Phases in detail¶

Every phase below lists what it does, the command, and — where it produces something — the real output as a figure. Commands assume you're inside a topic subdirectory with the toolkit at ../tools/. The full procedure lives in PLAYBOOK.md.

Lab mode

Lab mode replaces Phases 1–2 with its own corpus-ingest front end (L1–L3) and then runs Phases 3–8 verbatim. See Topic mode vs lab mode.

Phase 1 — Scope the topic¶

Human decision. You and the agent agree on the question and its span — field, species/method restrictions, how far back to go. The agreement is written to topic_definition.md so later phases (and the antecedents search) stay anchored.

Phase 2 — Search¶

The agent (or you) runs a literature-search pass using tools/search_prompt_template.md, returning papers as rows.json. Links must be DOI URLs. This is the recency-biased forward search — it finds the current literature but misses the roots, which is what Phase 2b is for.

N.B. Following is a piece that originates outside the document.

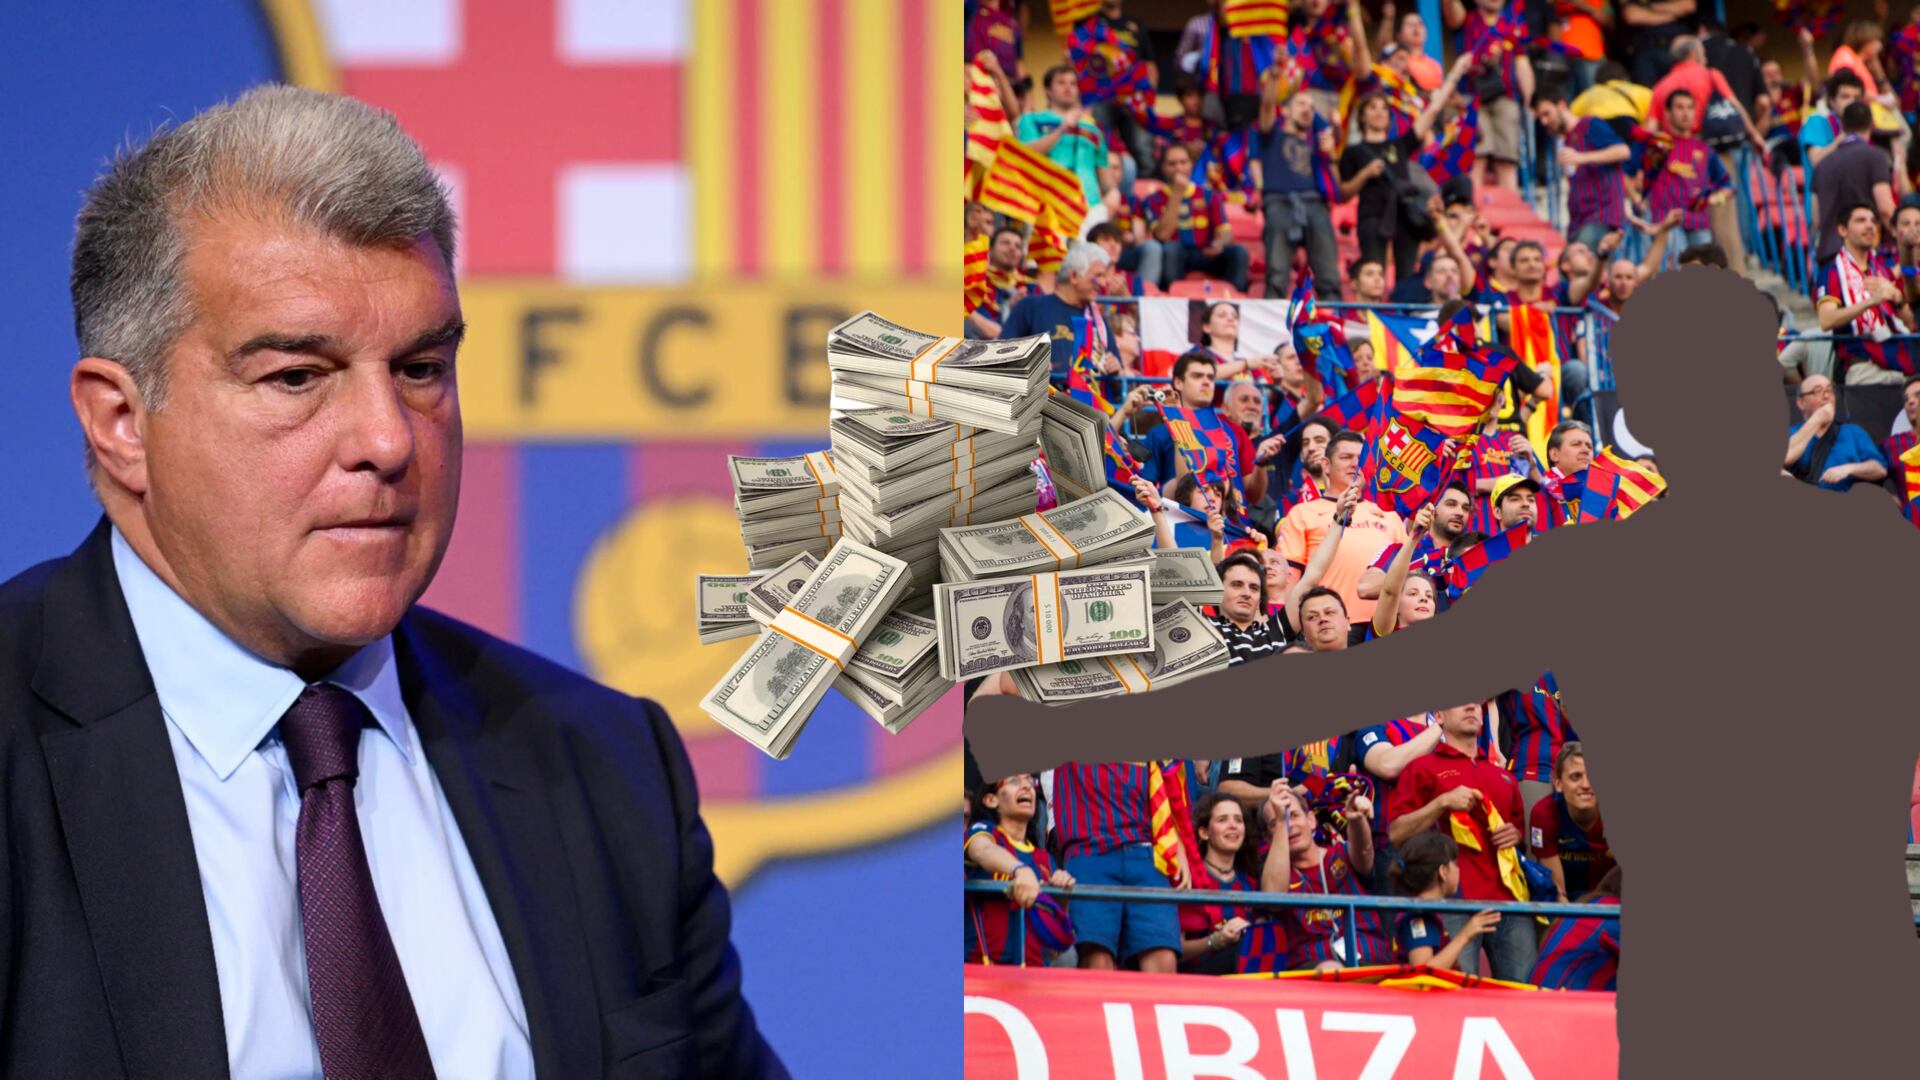 Worst news for Barcelona, the star player that could leave this summer for $109M

Phase 2b — Antecedents (required)¶

The roots the forward search misses

Every review — topic and lab mode — must include an antecedents pass. The forward search is anchored on the topic's current framing; the antecedents pass deliberately reaches back along three axes:

Measurement / methodology origins — where the tools came from.
Foundational empirical results — older neurophysiology, psychophysics, etc.
Theory / computational framework — the ideas the field is built on.

Reuse the search template with the tier flipped to favour classic/foundational work, then fold the results into the existing themes (no new lanes unless you ask for them). Pre-2000 classics, books, and chapters often have no DOI — they're kept as hand-written canonical APA and excluded from citation counting.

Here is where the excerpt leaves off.